Source material:
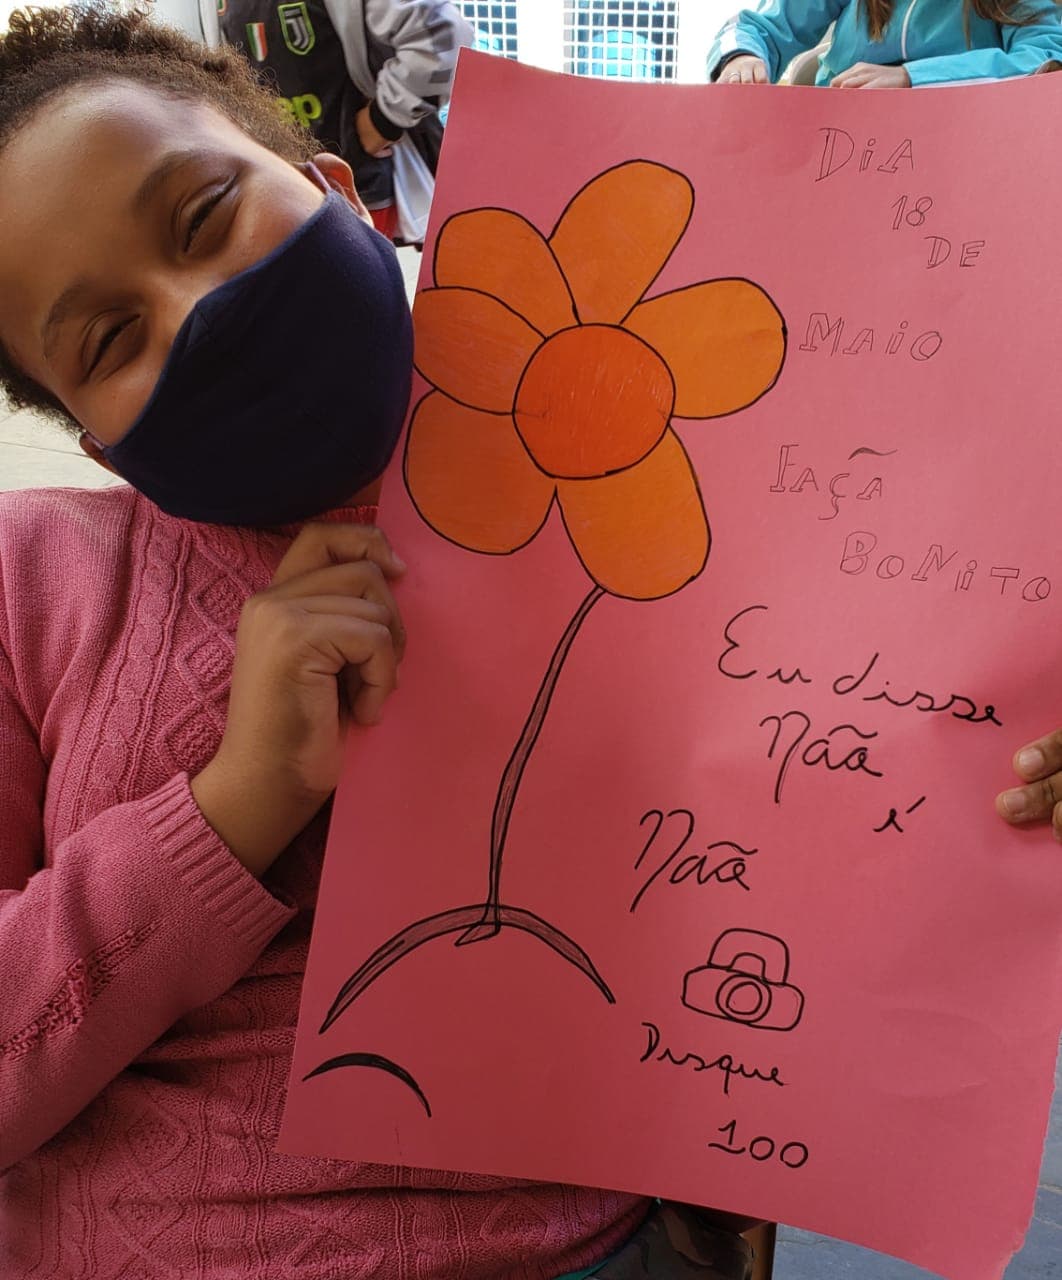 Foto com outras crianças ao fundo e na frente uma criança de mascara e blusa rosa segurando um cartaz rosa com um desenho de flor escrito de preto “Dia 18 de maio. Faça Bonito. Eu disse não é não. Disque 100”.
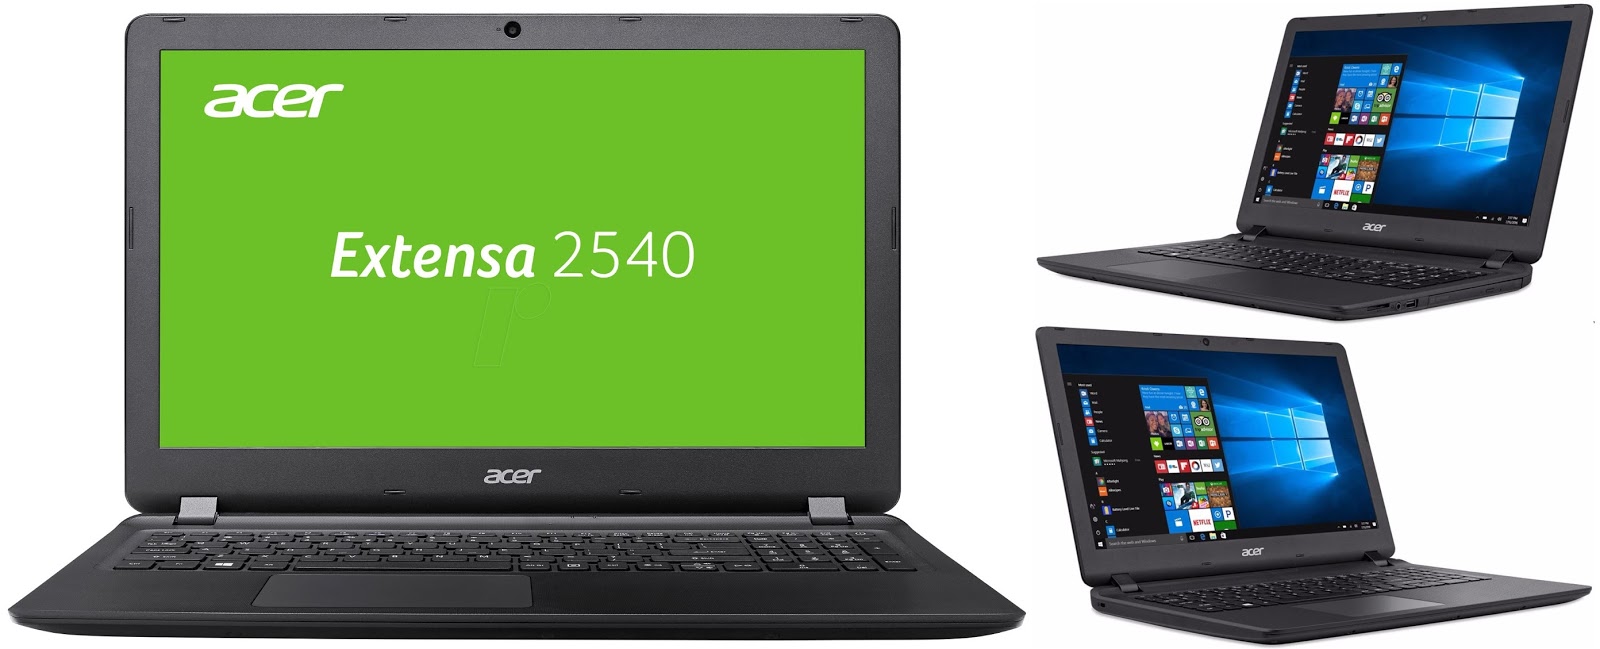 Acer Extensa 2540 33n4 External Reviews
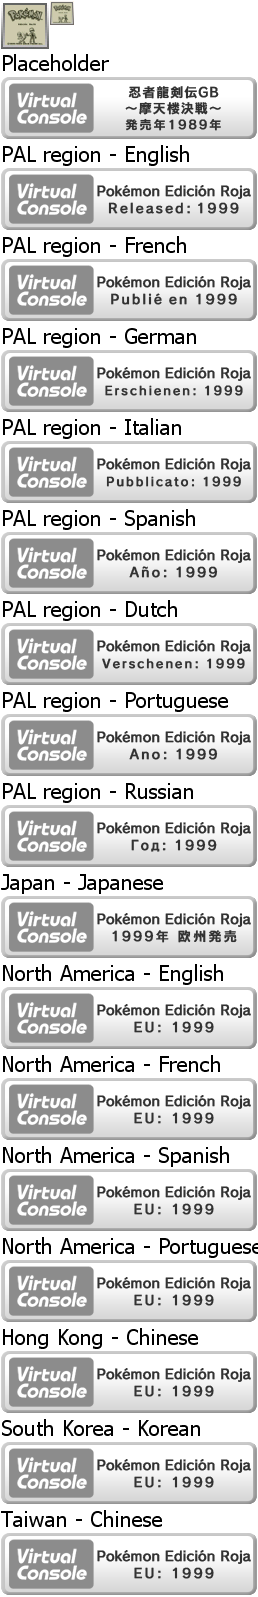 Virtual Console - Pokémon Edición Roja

Work item:
Your task is to output the material word for word while leaving out every image.

Result:
 Foto com outras crianças ao fundo e na frente uma criança de mascara e blusa rosa segurando um cartaz rosa com um desenho de flor escrito de preto “Dia 18 de maio. Faça Bonito. Eu disse não é não. Disque 100”.
 Acer Extensa 2540 33n4 External Reviews
 Virtual Console - Pokémon Edición Roja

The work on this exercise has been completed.